Operational problems nevertheless arose from lack of infrastructure investment which meant that right up to the end most of the Klagenfurt tram system operated on a single track network. In 1944 irreparable bomb damage at the Kreuzbergl caused the a section of tramline to be replaced with a trolleybus service. From 1948 the tram routes were also being operated by diesel buses, and on 6 May 1954 the city council passed a resolution to abandon the tram system. The line to the lakeshore was closed the same year. There followed a further period of uncertainty before the stretch to Annabichl was also closed, in 1961. The step-by-step switch to buses was completed on 16 April 1963, when the one-and-a-half kilometer long tram service connecting the station to "Holy Ghost Square" (Heiligengeist Platz) was withdrawn. 16 April 1963 also marked the ending of trolleybus services in the city.[2] [3]

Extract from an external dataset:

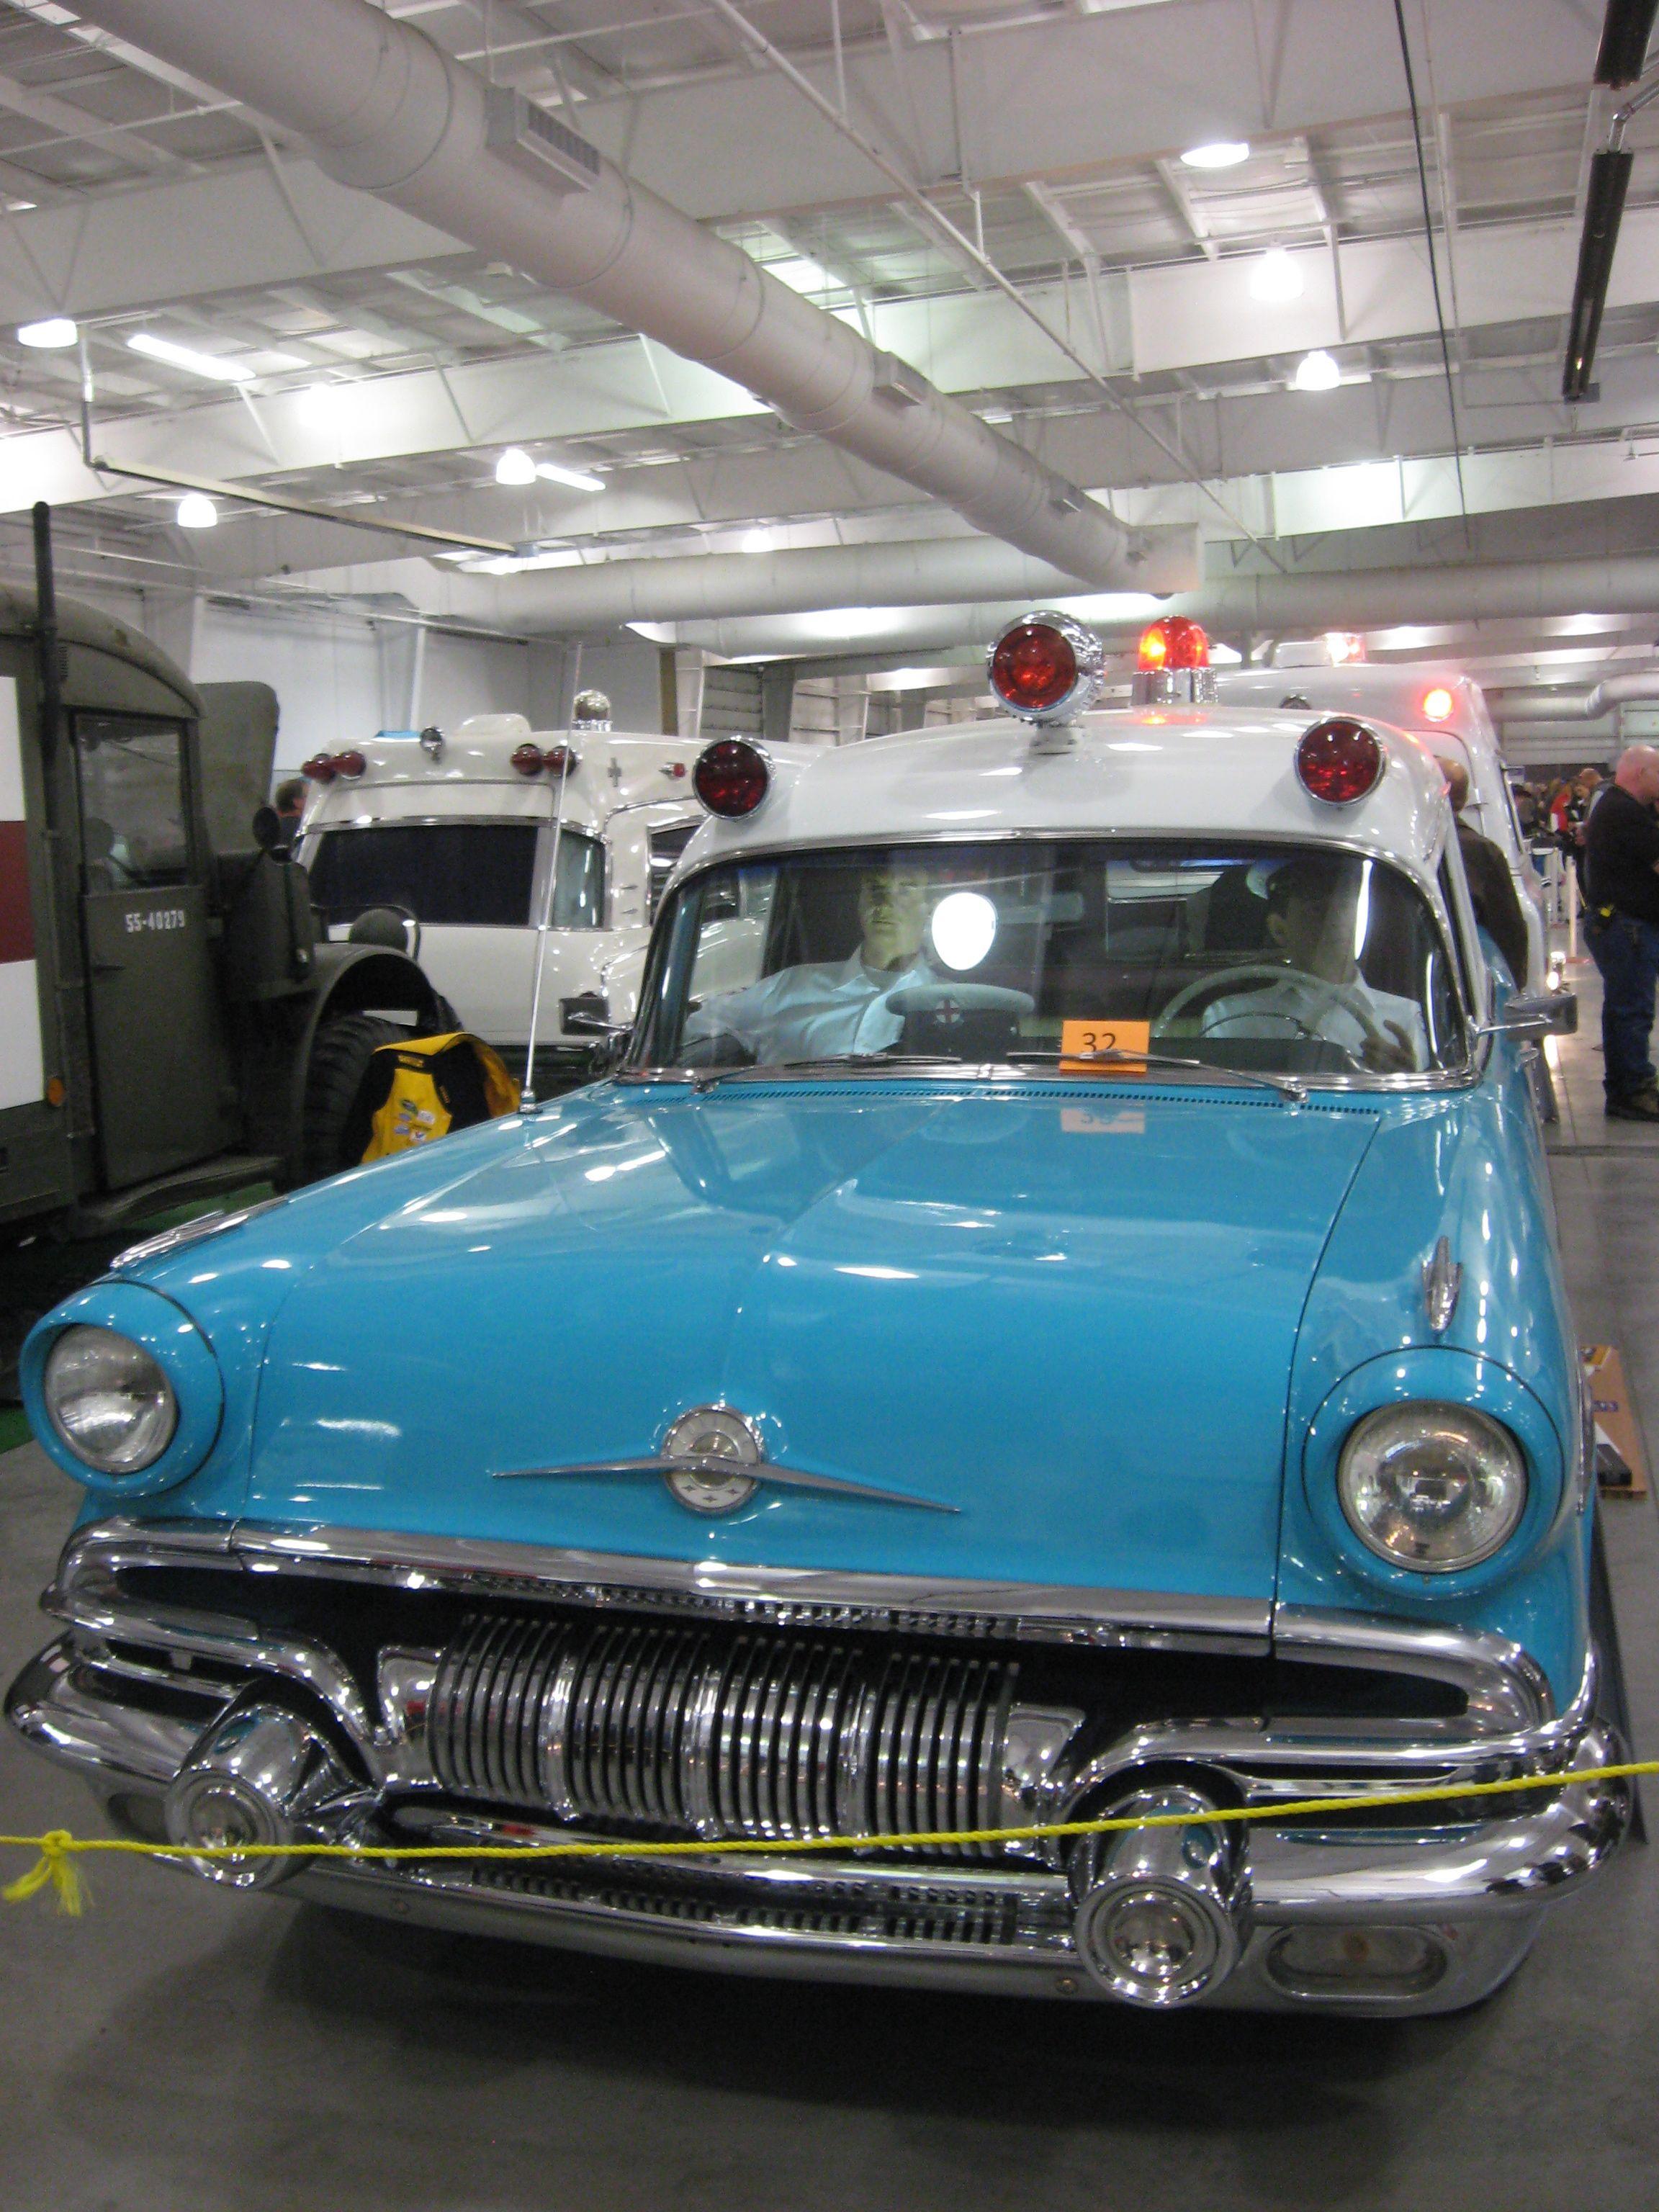 j.r. smith on | Ambulance, Vehicle and Vintage

Even before the closure of the city's trams in 1963, there were plans for conserving the tramcars. In 1969 the precursor organisation to the "Carinthia Museum railway" was founded. One of its most important priorities involved the Klagenfurt trams. By 1975 a collection of 40 European tramcars - not all of them from Klagenfurt - representing various epochs had been assembled. In 1976 a 750-meter tram line was opened in Klagenfurt's Europapark. Known as the "Lendcanaltramway",[4] the line has four tram halts and is operated during summer months by electric (or more rarely horse drawn) trams. Plans to extend the line have existed for a long time, but have been deferred for a succession of reasons, including planning hurdles resulting from the park's status as a nature conservation zone and, in contrast, the planning process for a convention centre, which was eventually built and is today known as the Lindner Seepark Hotel.

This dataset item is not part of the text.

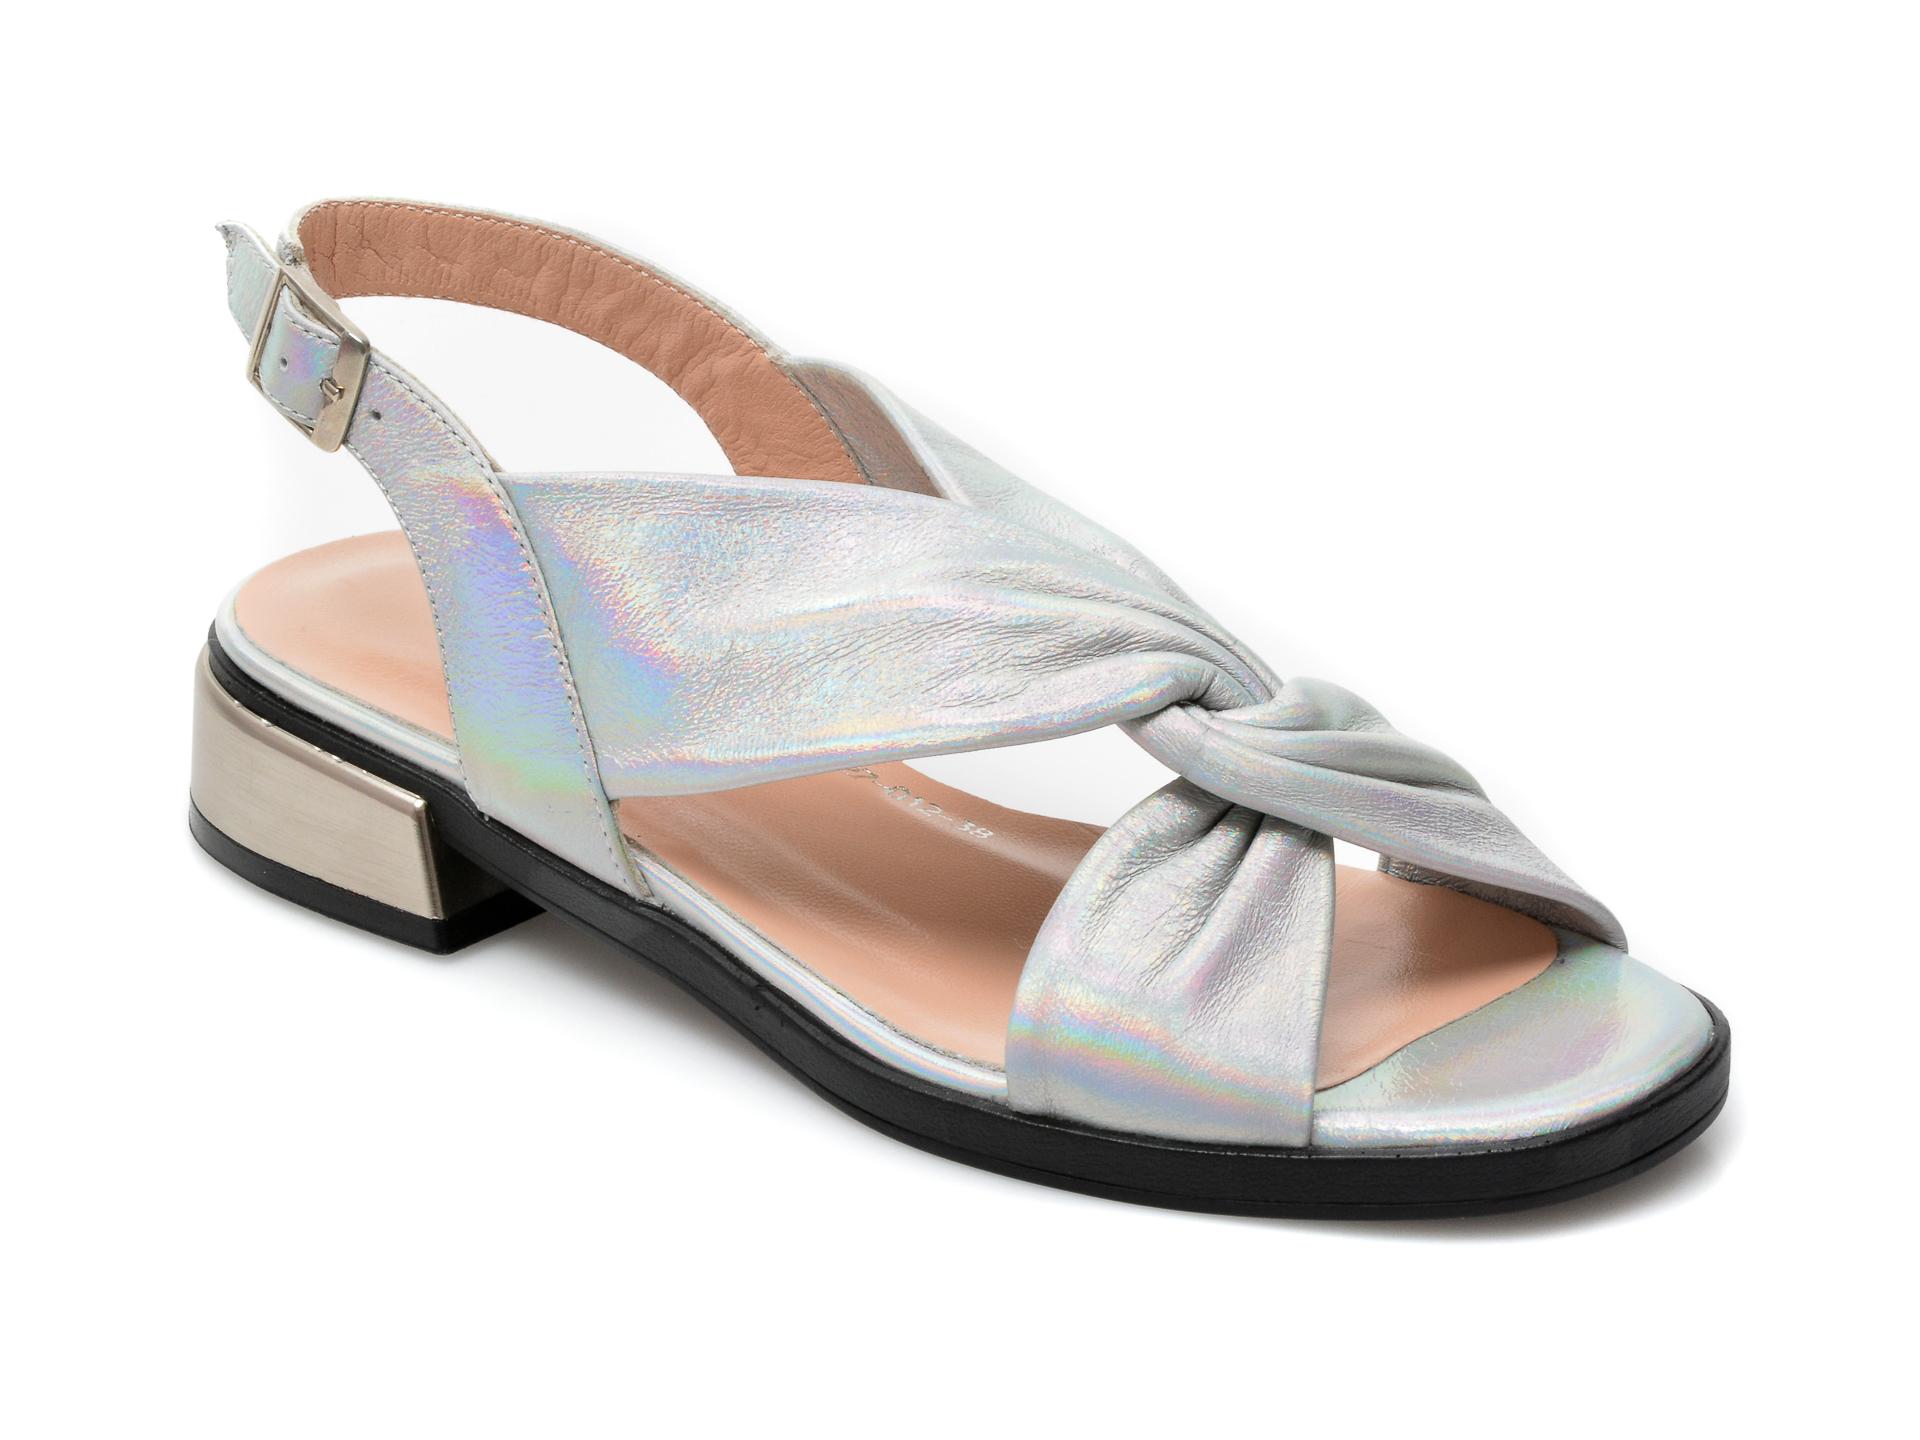 Sandale EPICA argintii, 193027, din piele naturala imagine otter.ro 2021

On 27 January 2009 the city council gave unanimous support for a tourist tram service linking the bathing beach with the model village, and they gave the project the name Lake Tramway ("Seetramway"). They stopped short of deciding how to finance the project, however. Discussions have continued around issues of cost and funding, but (in 2015) it is still not anticipated that funding will be forthcoming in the foreseeable future.

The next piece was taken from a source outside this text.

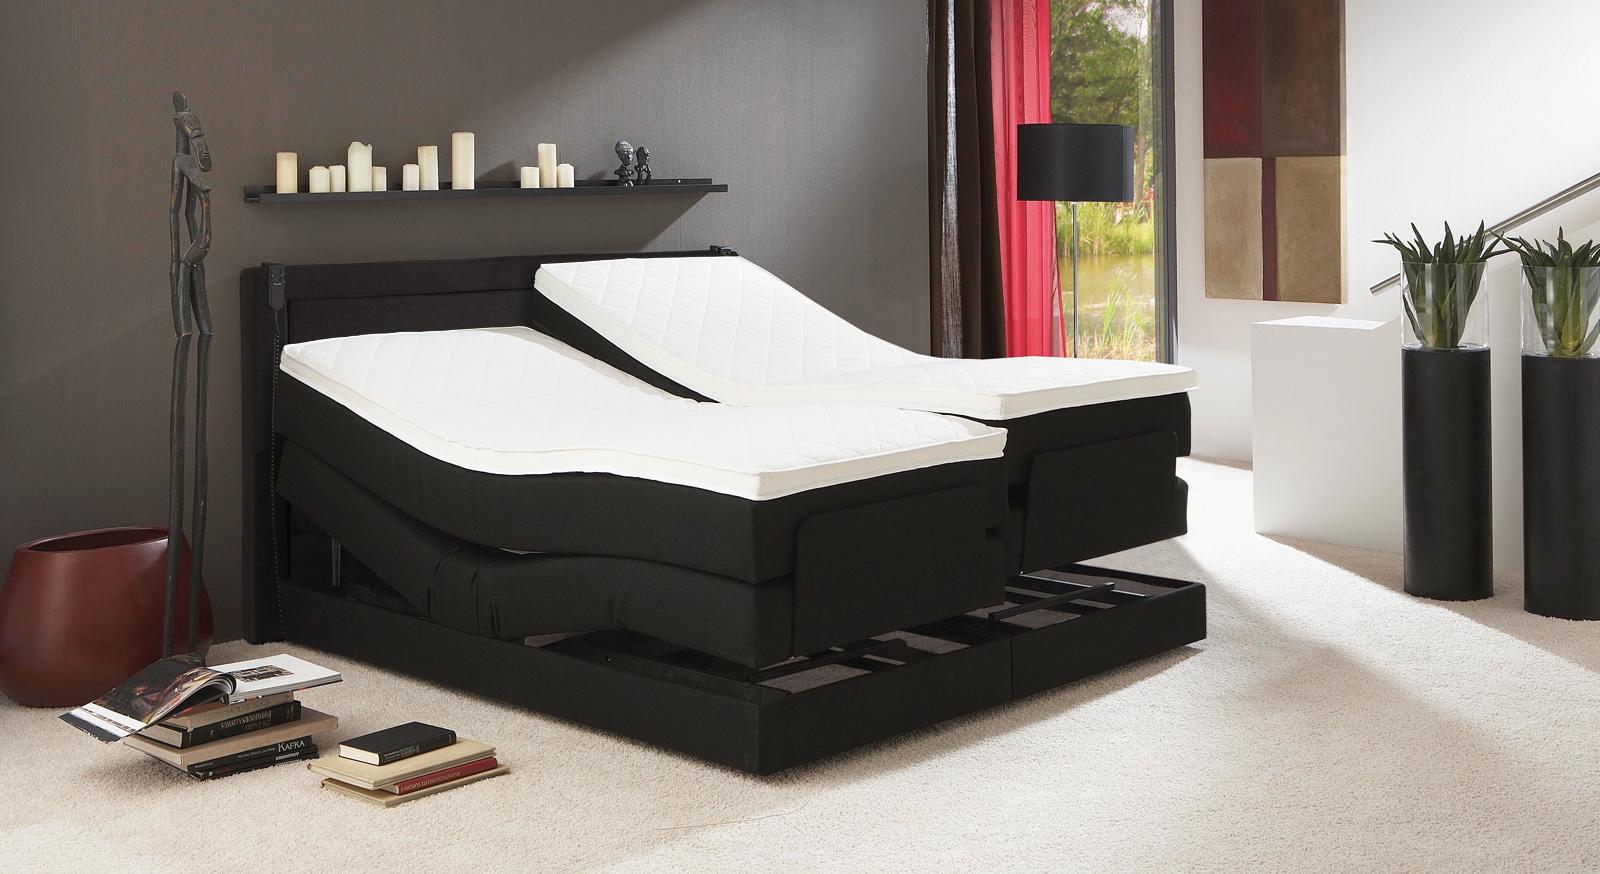 Schlafzimmer mit boxspringbett – midir

In 2005, in response to exceptional levels of particulates pollution in Klagenfurt the city authorities proposed a resumption of tram services. A feasibility study was commissioned from the Innsbruck Institute for Transport and space planning. The study, which cost €30,000, concluded that it would not be sensible to incur capital of between 12 and 20 million Euro for reintroducing trams to Klagenfurt city streets to provide a system that might be used by perhaps 12,500 people per day. An additional considerable involved longer term future plans by regional government to close a stretch of railway line alongside the lake shore and use some of the land freed up to create an underground rail bypass route in a way that could not be easily combined with a new city tramline. Again, the relatively small number of users anticipated for any new tram line made the cost of any workaround solution unacceptably costly.